**DATA FOR THE TASK**
*** Block opens ***

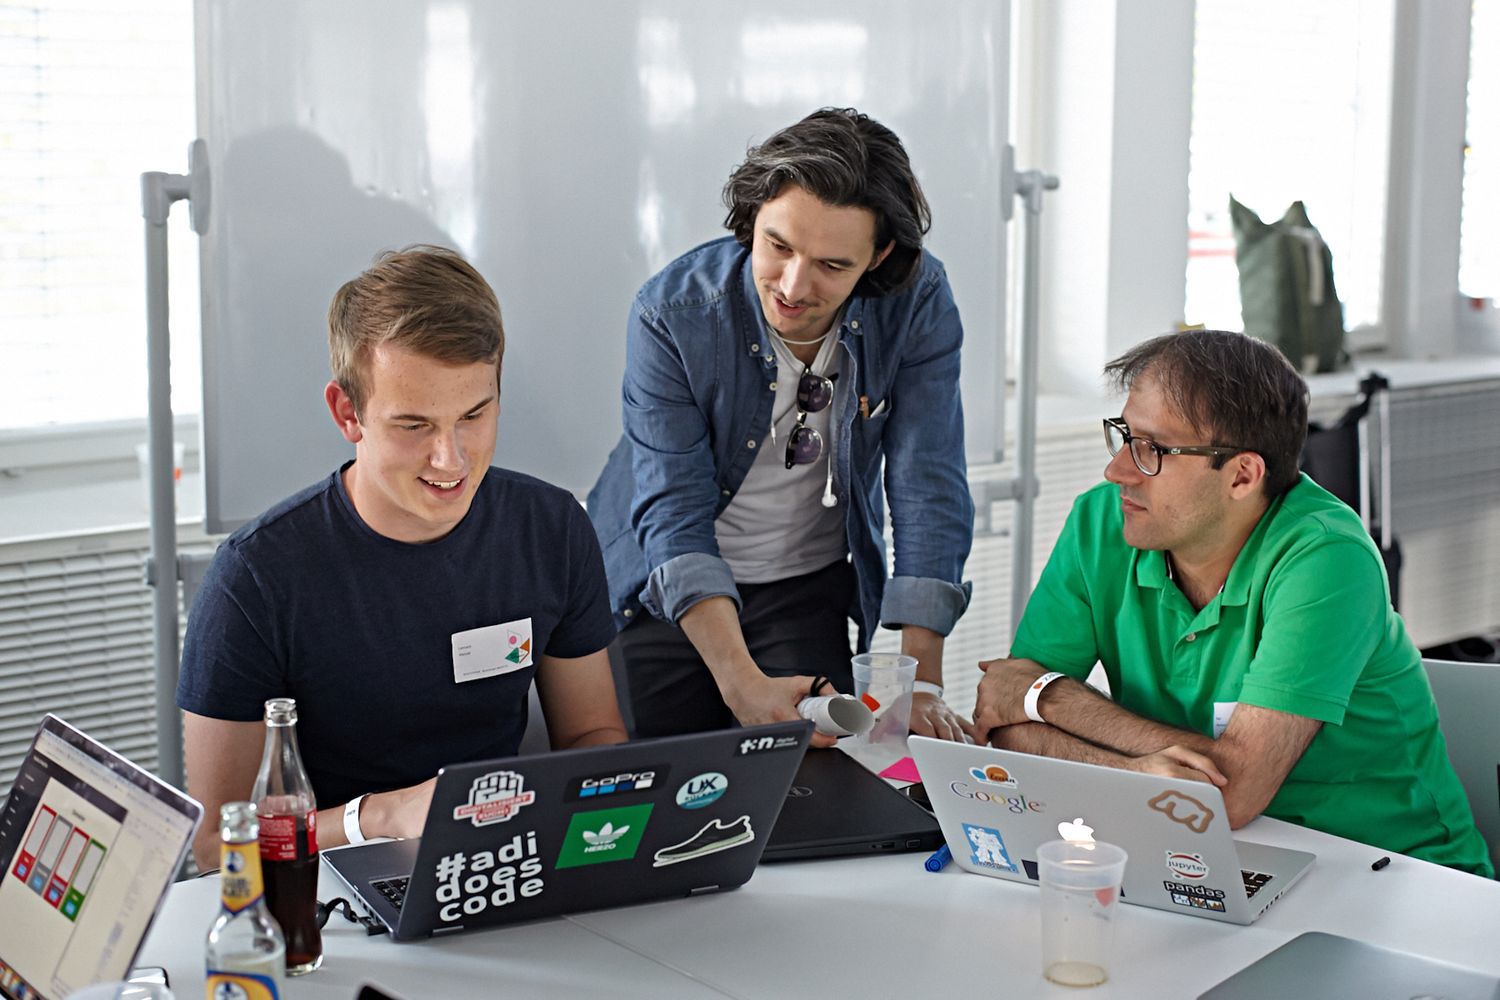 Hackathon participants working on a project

*** Block closes ***
*** Block opens ***

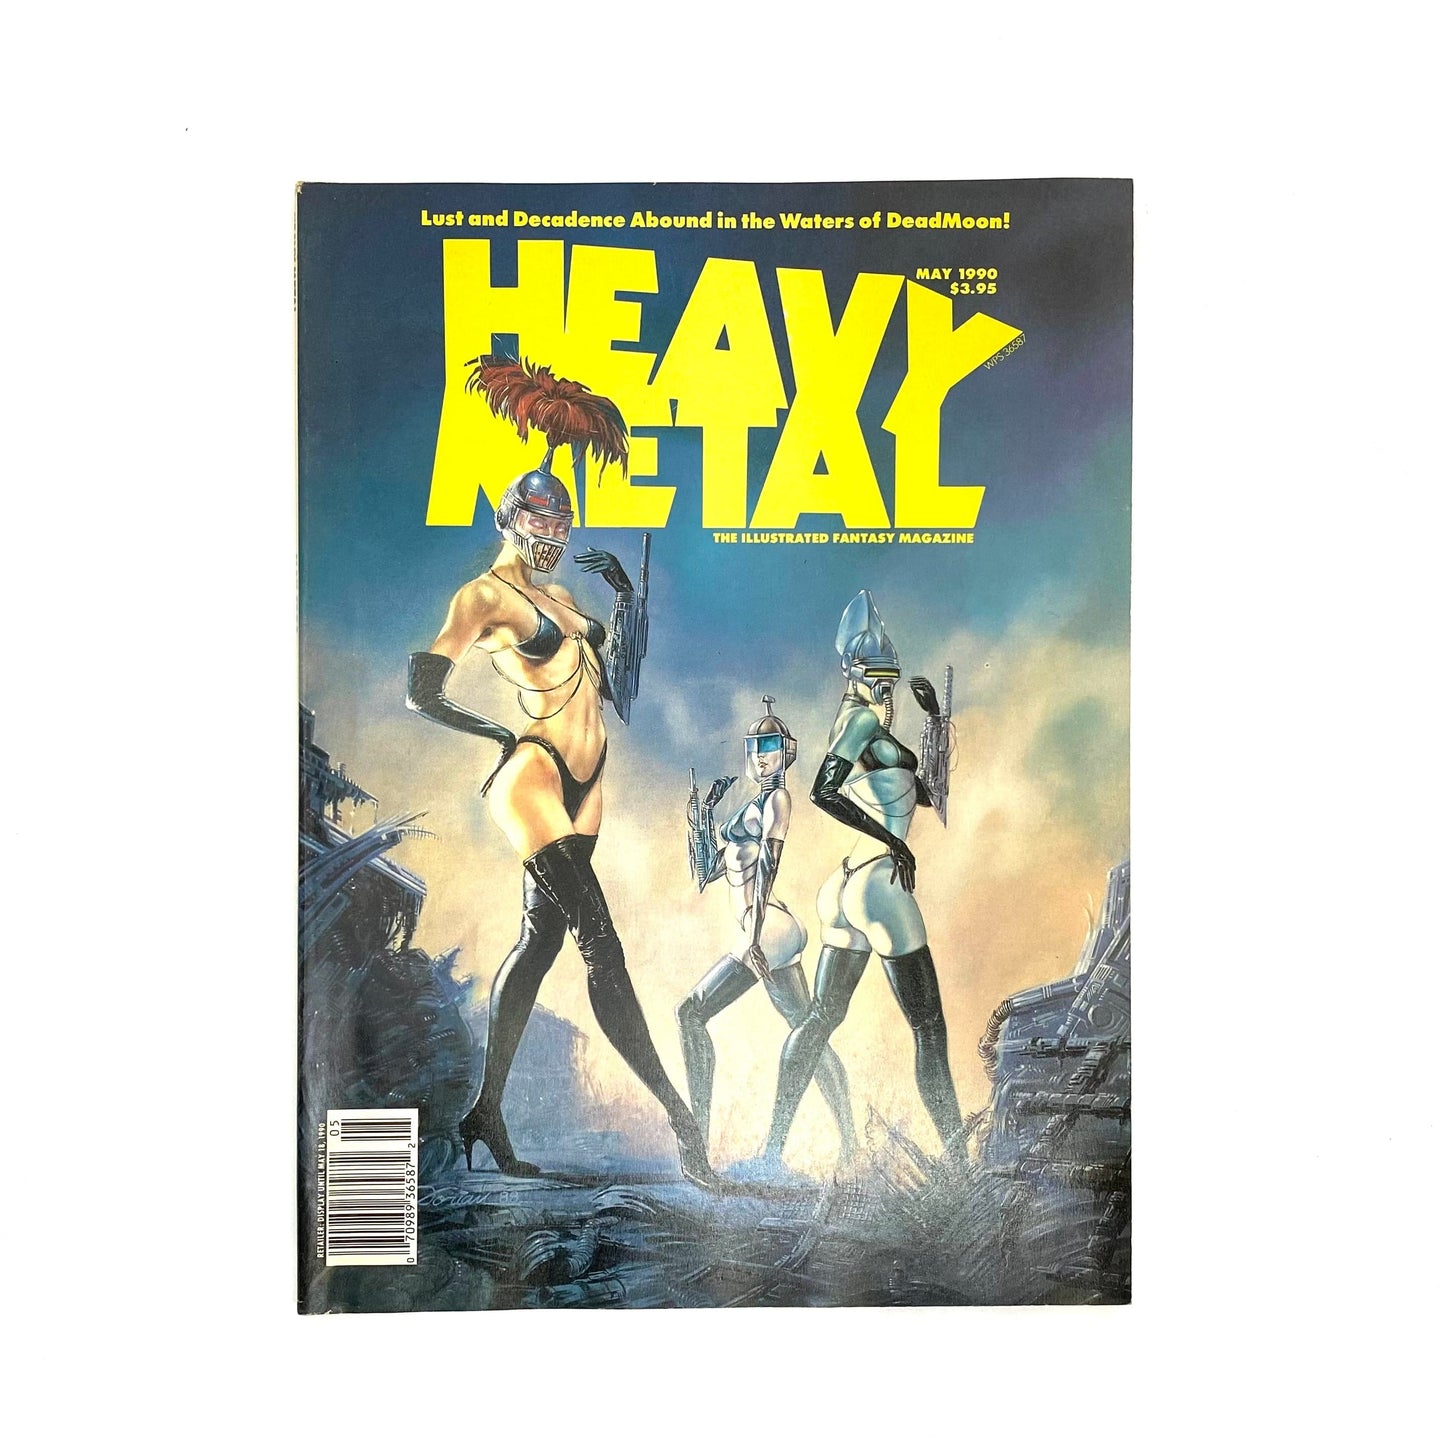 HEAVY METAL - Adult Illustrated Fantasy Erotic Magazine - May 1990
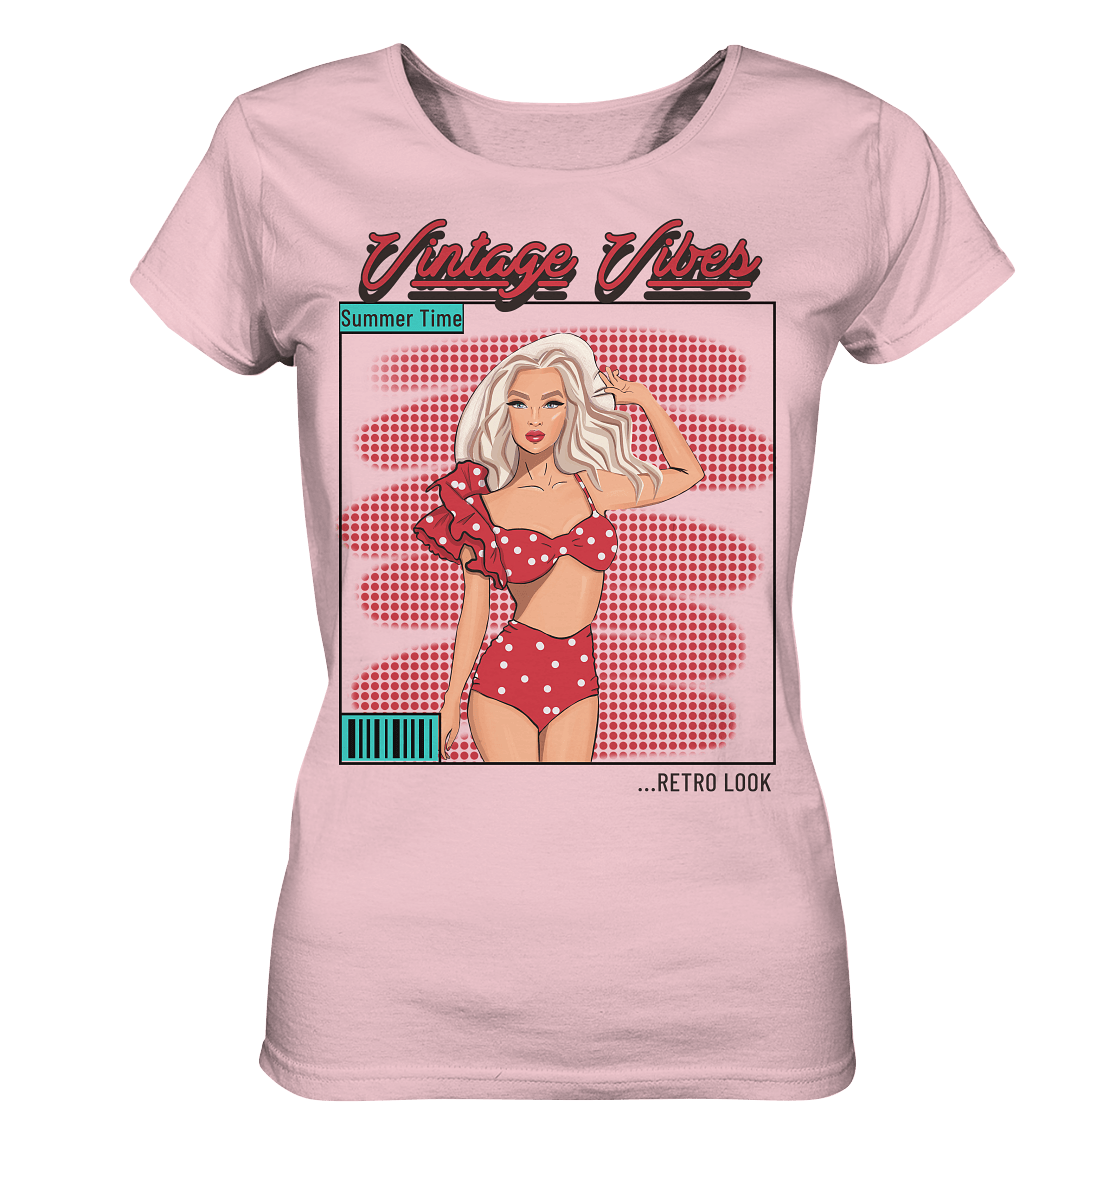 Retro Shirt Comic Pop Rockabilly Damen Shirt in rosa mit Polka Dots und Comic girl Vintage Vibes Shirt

*** Block closes ***

**TASK PROMPT**
Both boundary lines included, write out word for word only the lines above from the one containing "HEAVY METAL - Adult" to the one containing "Retro Shirt Comic", leaving out any pictures.

**SOLUTION TO THE EXERCISE**
 HEAVY METAL - Adult Illustrated Fantasy Erotic Magazine - May 1990
 Retro Shirt Comic Pop Rockabilly Damen Shirt in rosa mit Polka Dots und Comic girl Vintage Vibes Shirt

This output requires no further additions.